Cultural Management and Policy in Latin America

Cultural Management and Policy in Latin America PDF Author: Raphaela Henze
Publisher: Routledge
ISBN: 100038702X
Category : Business & Economics
Languages : en
Pages : 225

Get Book Here

Book Description
Cultural Management and Policy in Latin America provides in-depth insights into the education and training of cultural managers from interdisciplinary and comparative perspectives. The book focuses on the effects of neoliberalism on cultural policies across the region, and questions how cultural managers in Latin America deal not only with contemporary political challenges but also with the omnipresent legacy of colonialism. In doing so, it unpacks the methods, formats, and narratives employed. Reflecting on emerging and contemporary research topics, the book analyses the key literature and scholarly contexts to identify impacts in the region and beyond. The volume provides scholars, students and reflective practitioners with a comprehensive resource on international cultural management that helps to overcome Western-centric methods and theories.
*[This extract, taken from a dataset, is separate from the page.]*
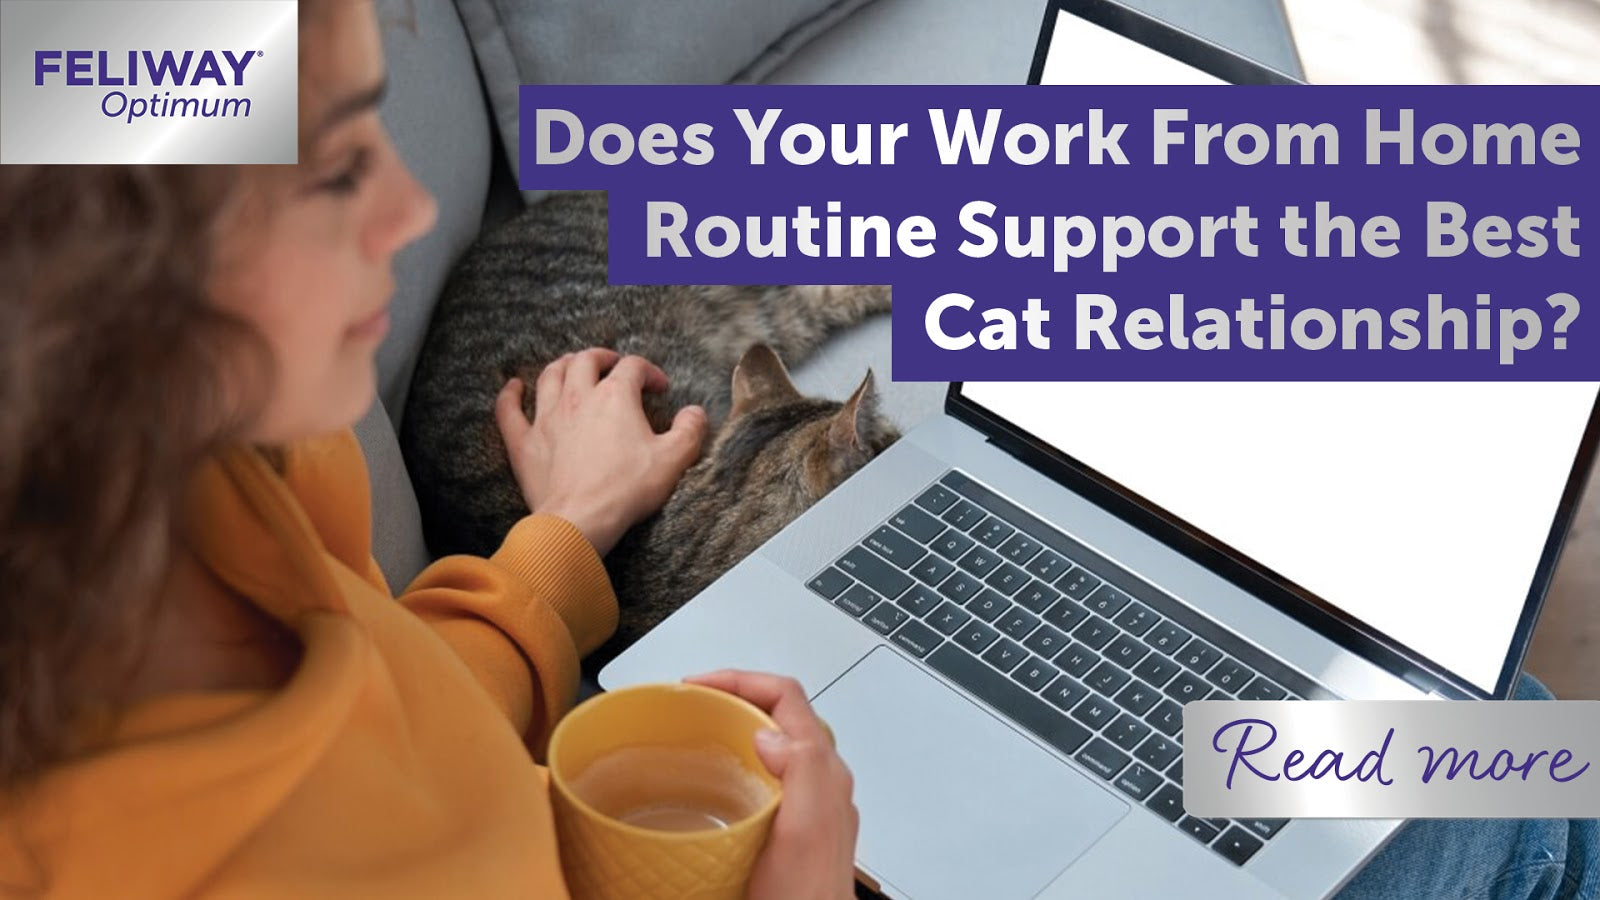 Does Your Work From Home Routine Support the Best Cat Relationship?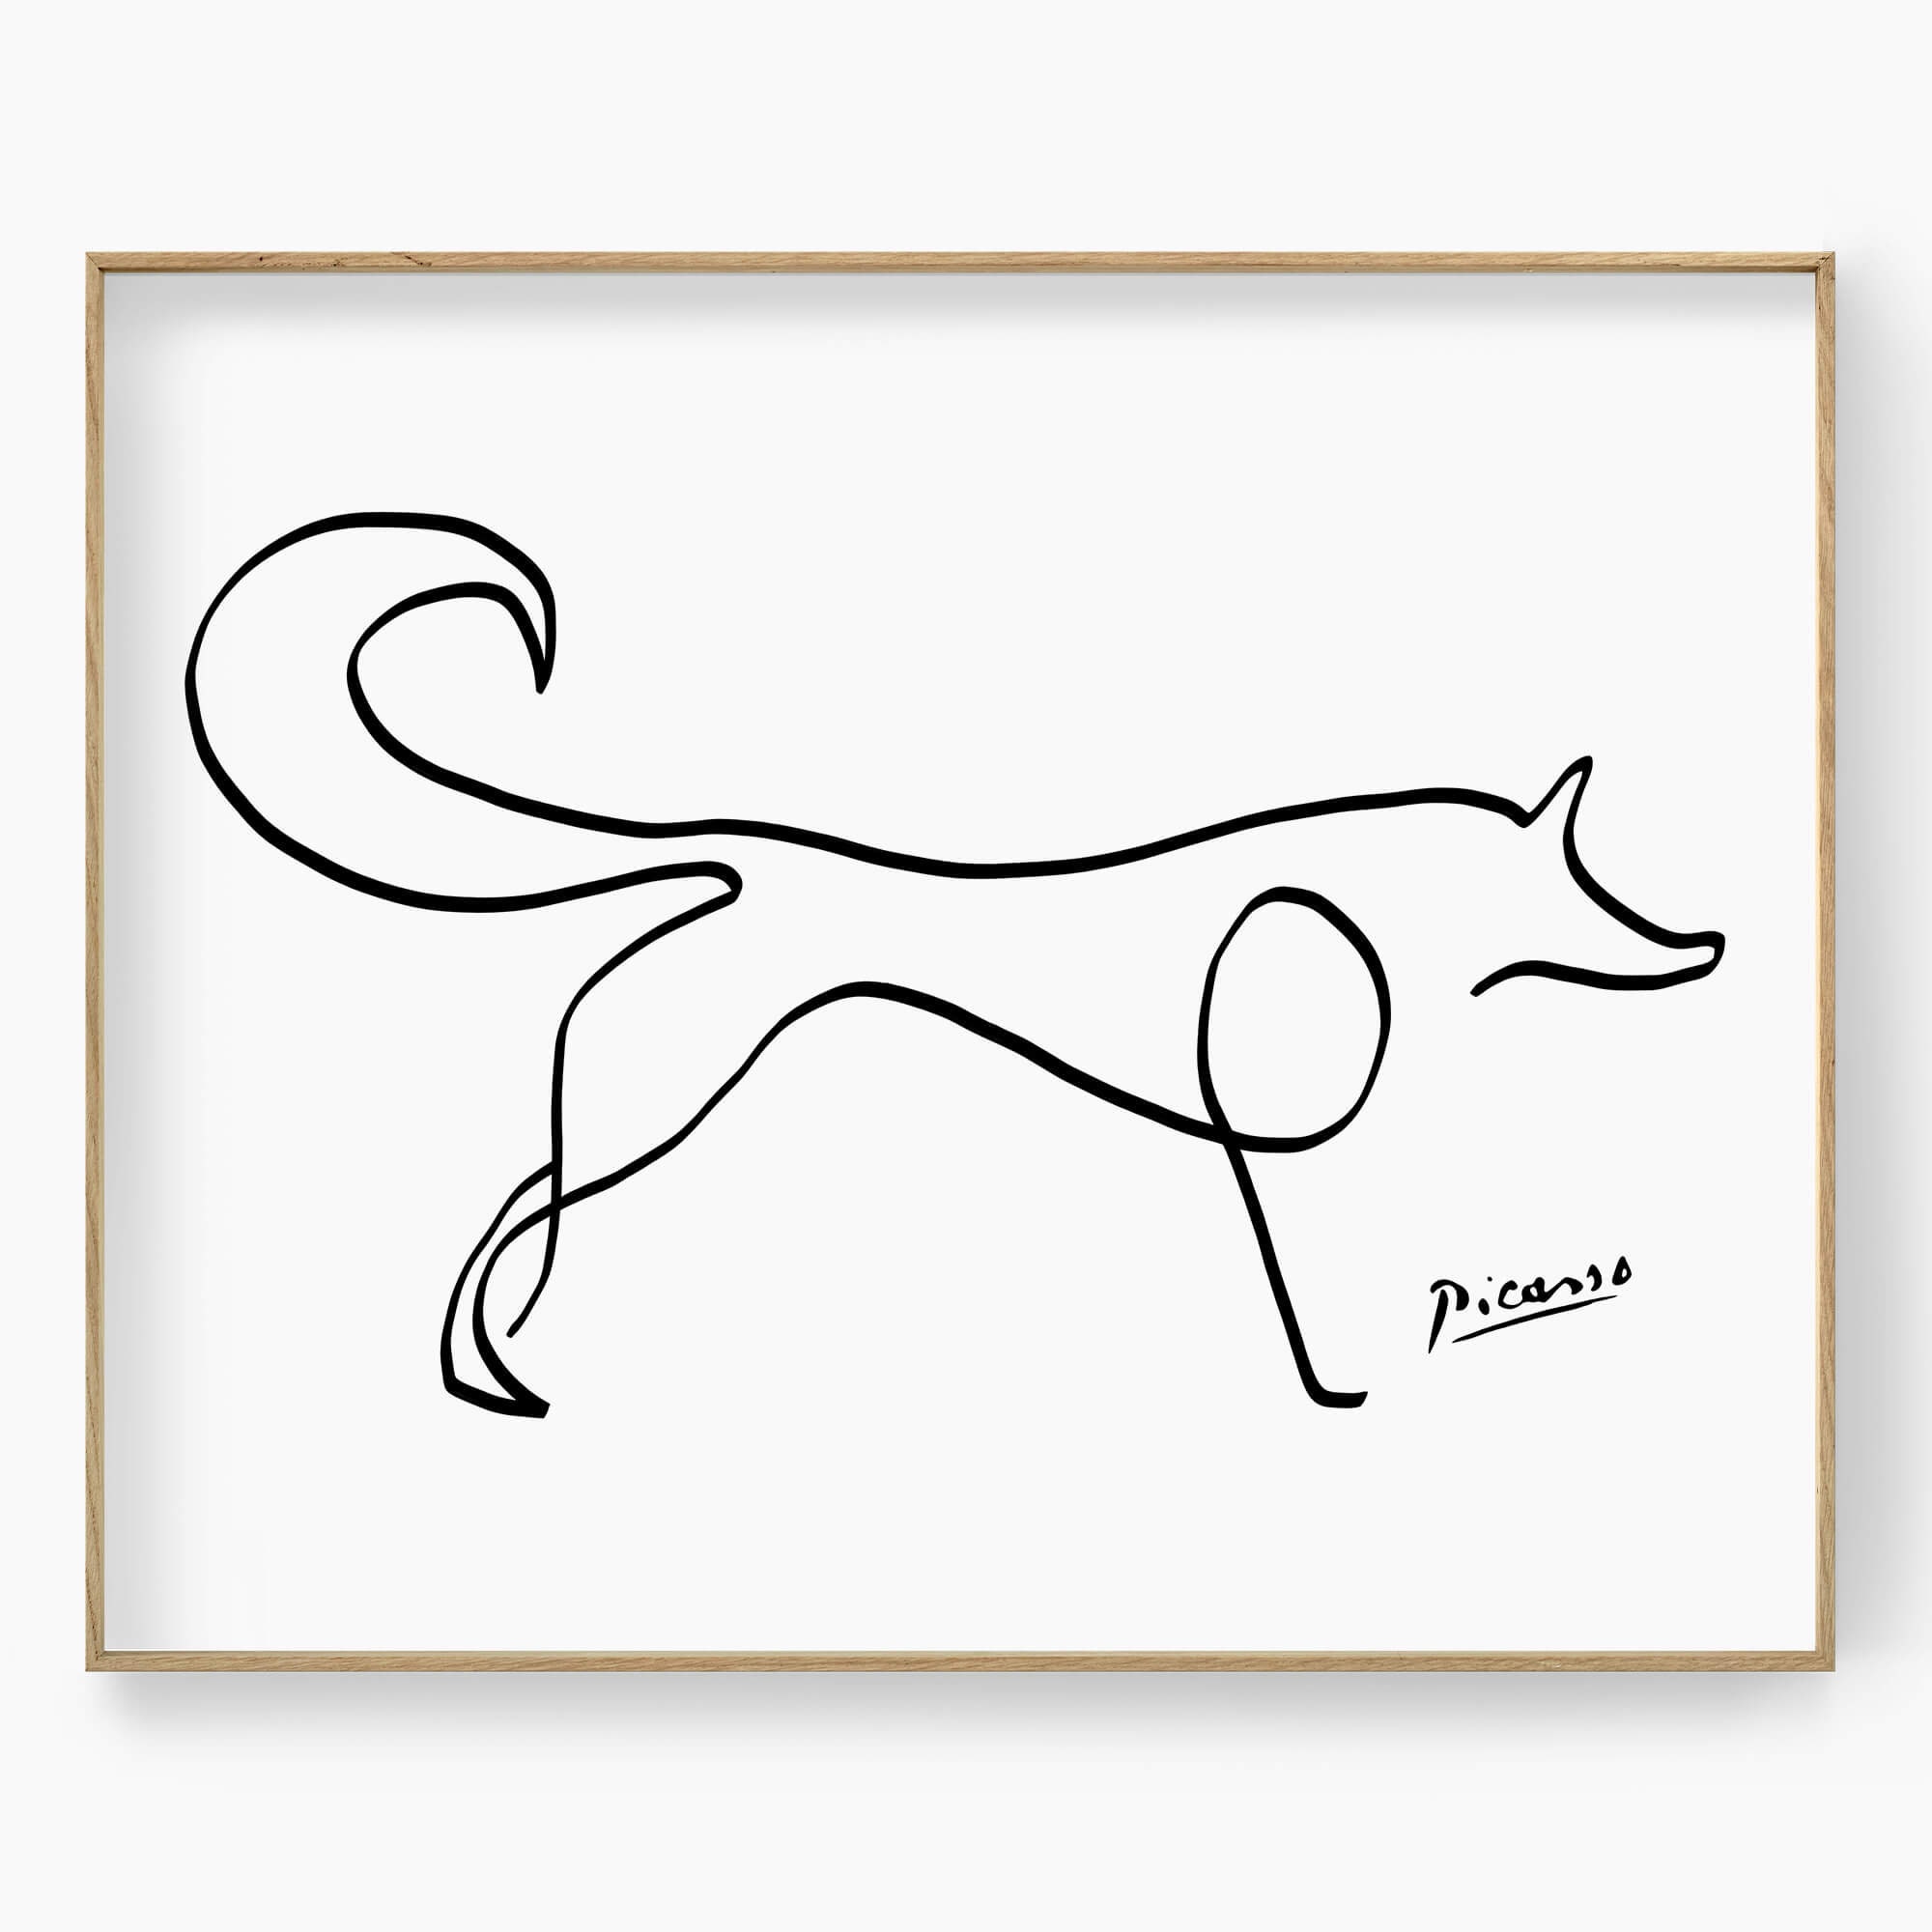 Picasso Fox Sketch, Fox Animal Line Art, Minimal Picasso Drawing, Picasso  Exhibition Poster, Picasso Fox Print, Nursery Modern Gallery Wall

Culture and Customs of Bolivia

Culture and Customs of Bolivia PDF Author: Javier A. Galván
Publisher: Bloomsbury Publishing USA
ISBN:
Category : Social Science
Languages : en
Pages : 289

Get Book Here

Book Description
In this book, contemporary representations of Bolivian art, music, religion, literature, festivals, theater, and cinema document how history and geography have shaped Bolivia's modern culture. Bolivia has long been neglected by North American historians and anthropologists. Now, author Javier A. Galván fills this gap with a book that analyzes the complex cultures of this South American nation within the context of its rich history and contemporary traditions. The first half of this text is dedicated to how and where people live—detailed geography, social traditions, religious practices, political institutions, and Bolivian cuisine and culture. The varied religious and linguistic traditions of the indigenous groups that comprise the majority of the national population are also described, giving readers a deeper appreciation for the diversity of Bolivia's character. The second half of the book explores the creative talent of Bolivians who are advancing the literary movements, painting styles, architectural design, theater productions, fashion design, and emerging film industry of the country. Culture and Customs of Bolivia also includes a detailed analysis of contemporary print and broadcasting media.